» **Task description**: Every line of the material is to be quoted verbatim, minus the pictures.

----- Available data -----

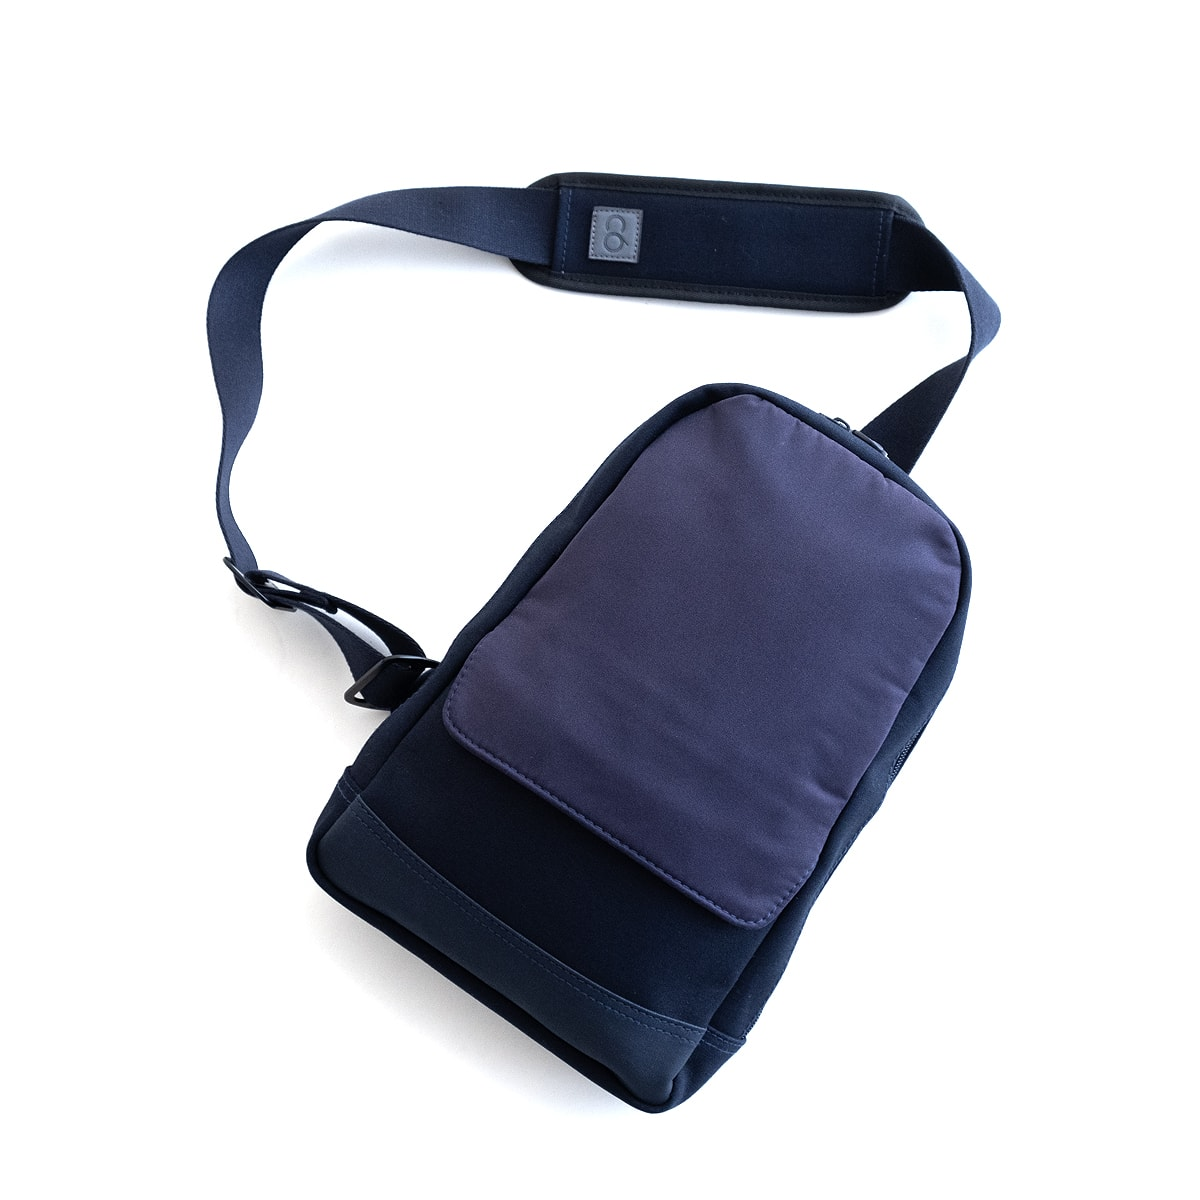 C6 Single Strap Backpack (Navy) C1710 シーシックス ストラップ バックパック ショルダーバッグ ナイロン コンパクト 軽量 バッグ ユニセックス 男女兼用 メンズ 送料無料
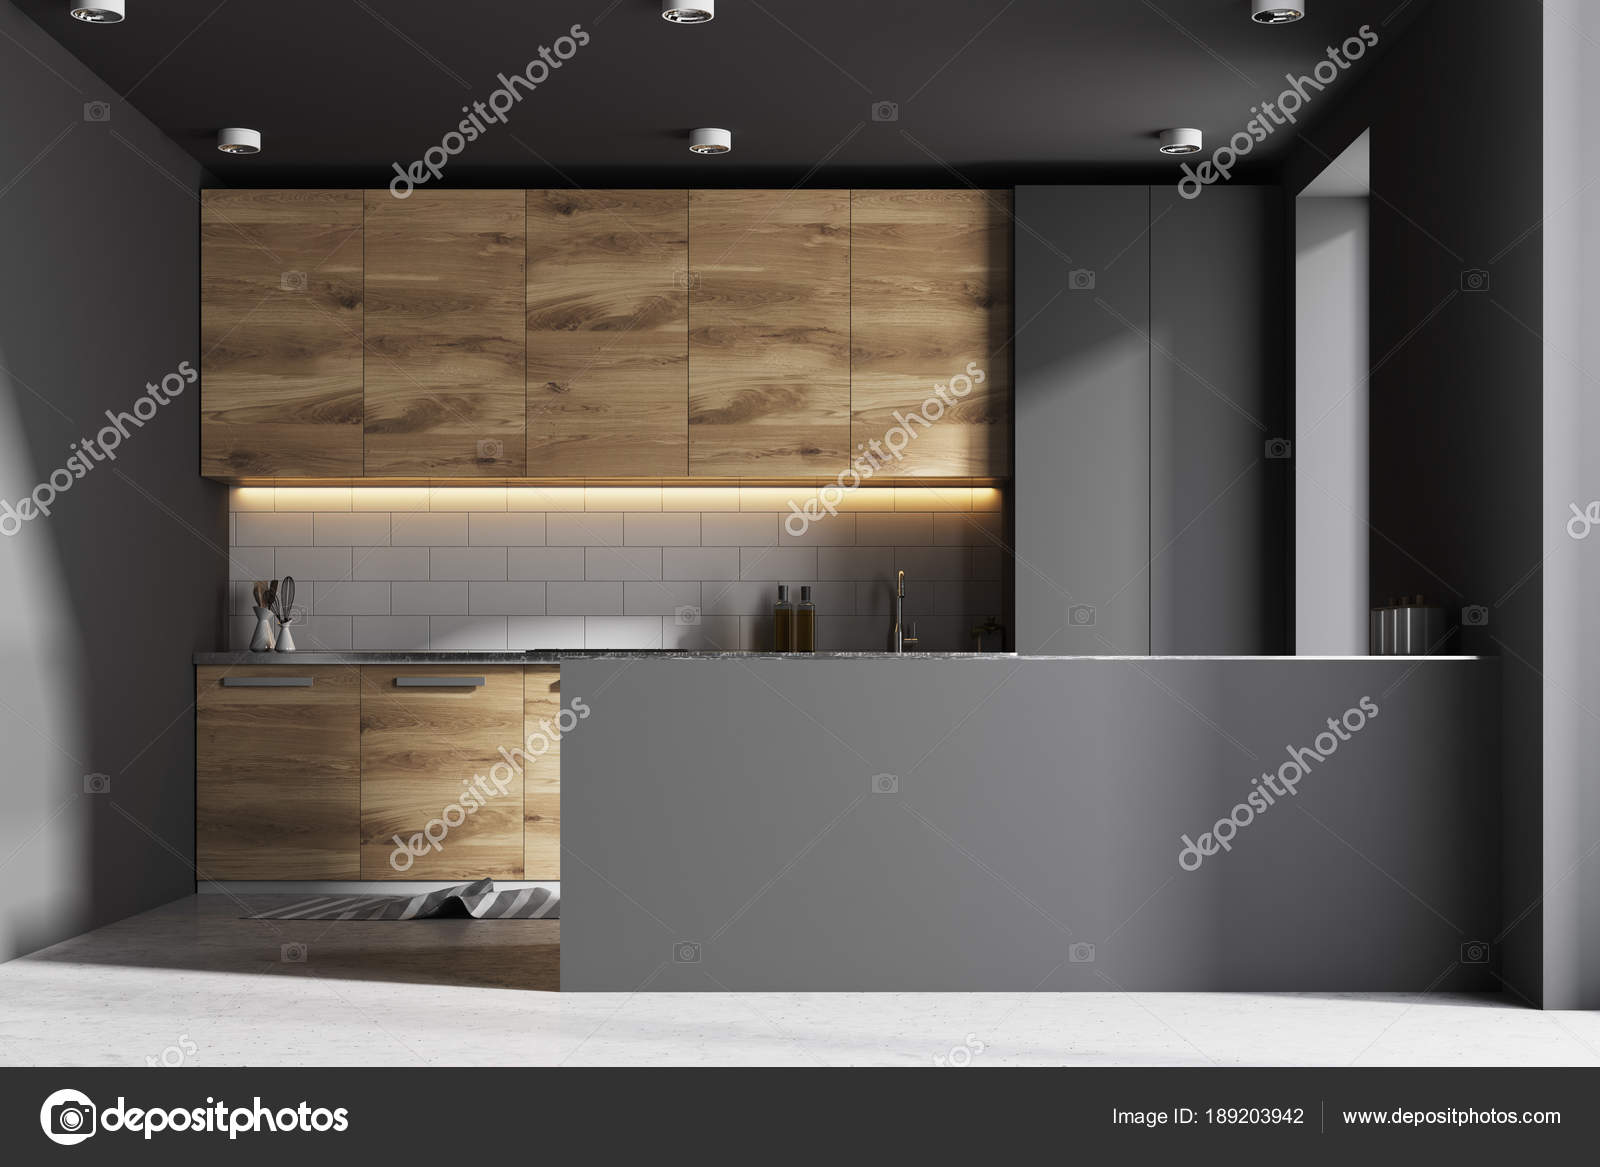 Grijs en houten interieur keukenbar u2014 stockfoto © denisismagilov
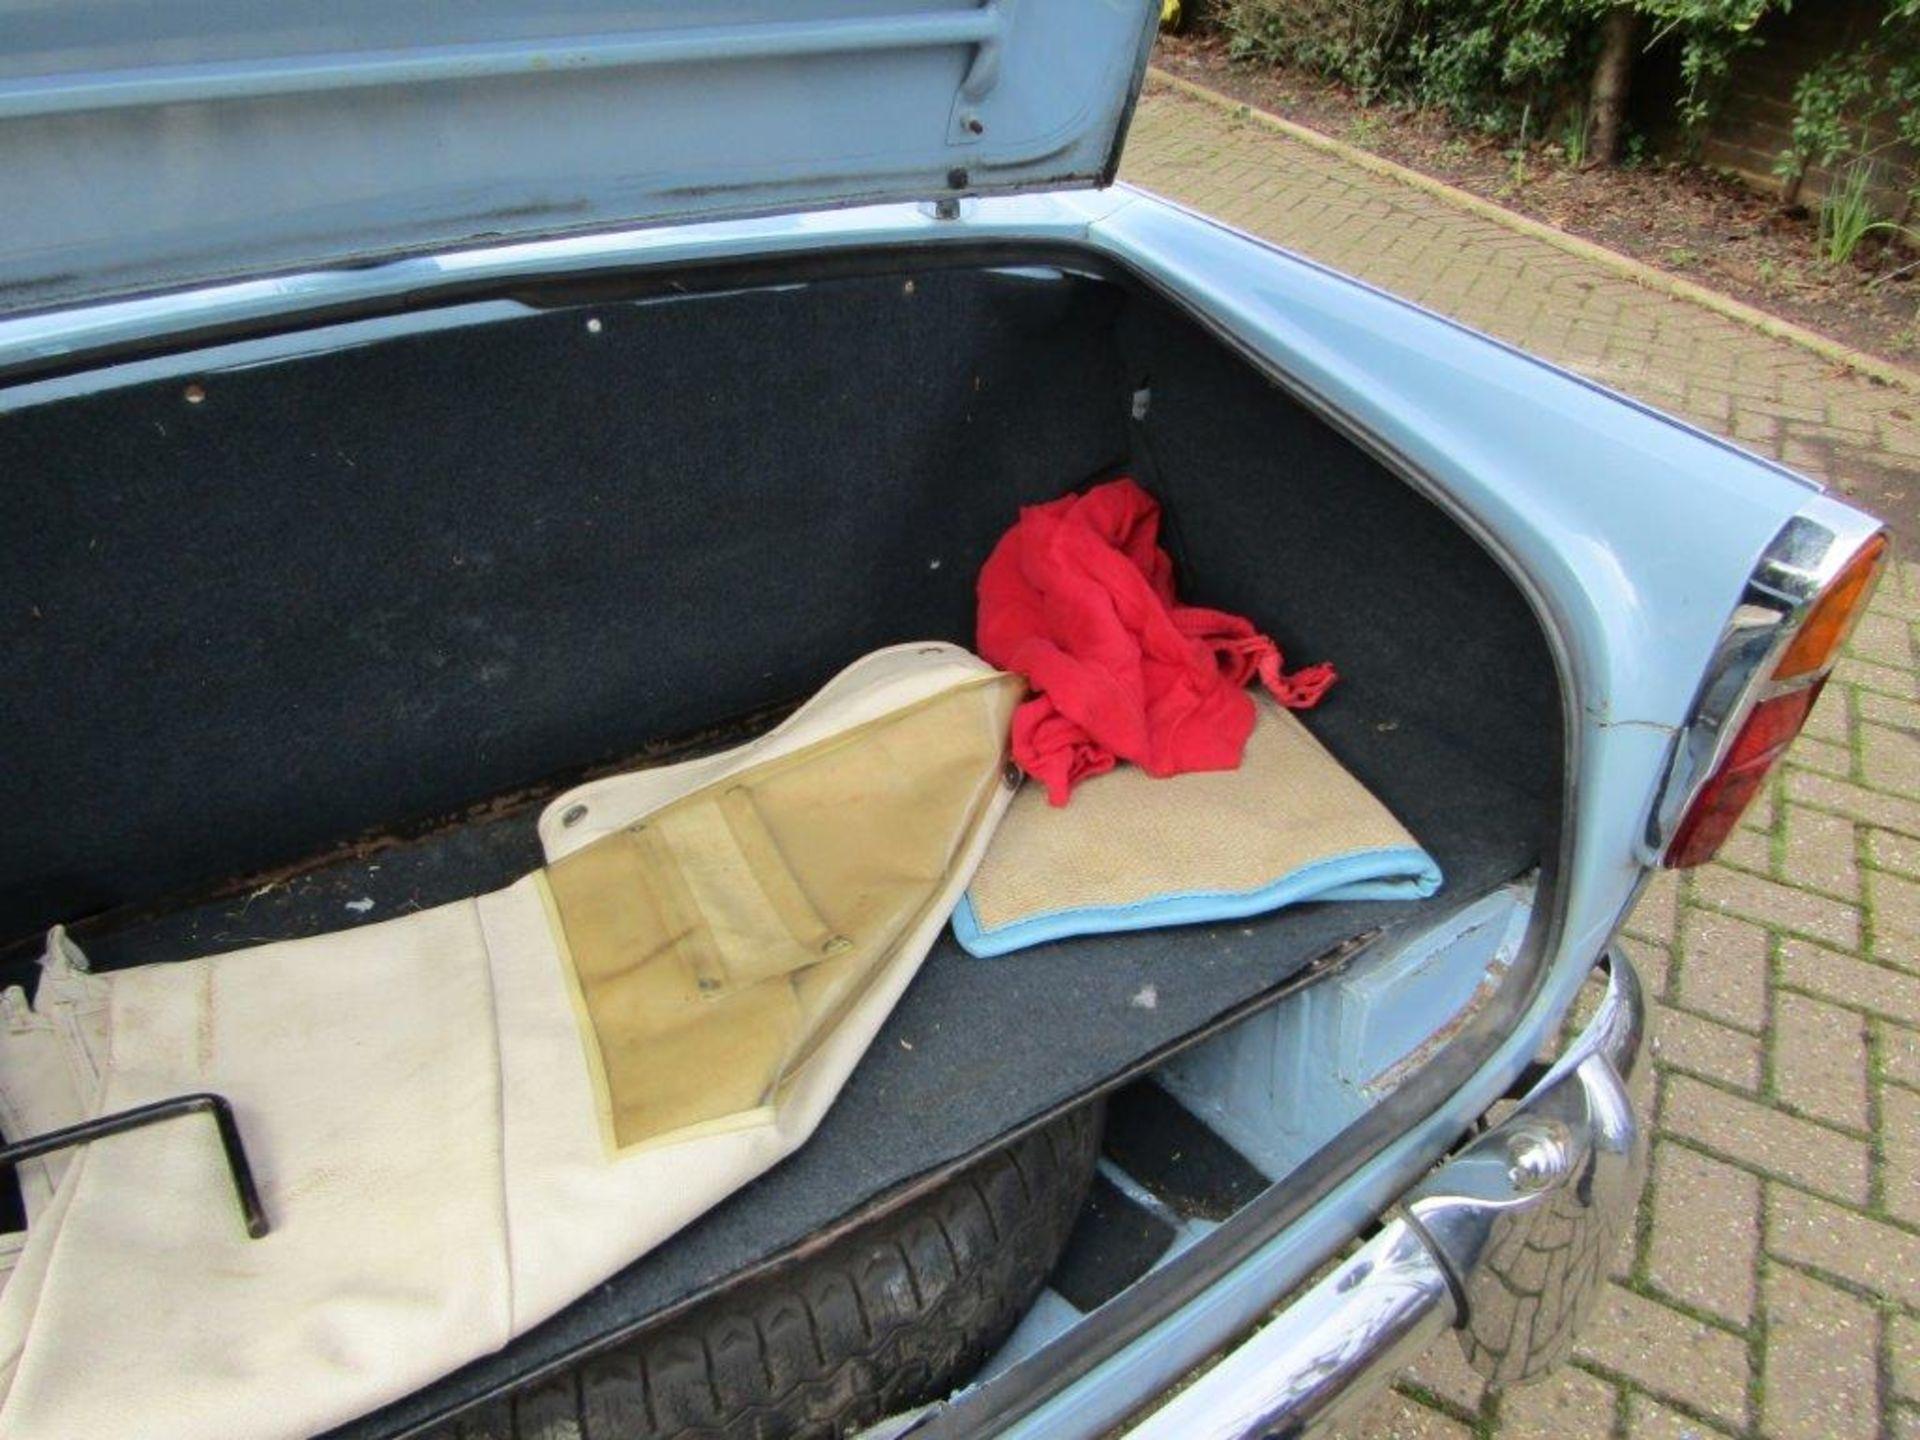 1965 Triumph TR4 - Image 14 of 17

-----

» **Solved exercise**:
 C6 Single Strap Backpack (Navy) C1710 シーシックス ストラップ バックパック ショルダーバッグ ナイロン コンパクト 軽量 バッグ ユニセックス 男女兼用 メンズ 送料無料
 Grijs en houten interieur keukenbar u2014 stockfoto © denisismagilov
 1965 Triumph TR4 - Image 14 of 17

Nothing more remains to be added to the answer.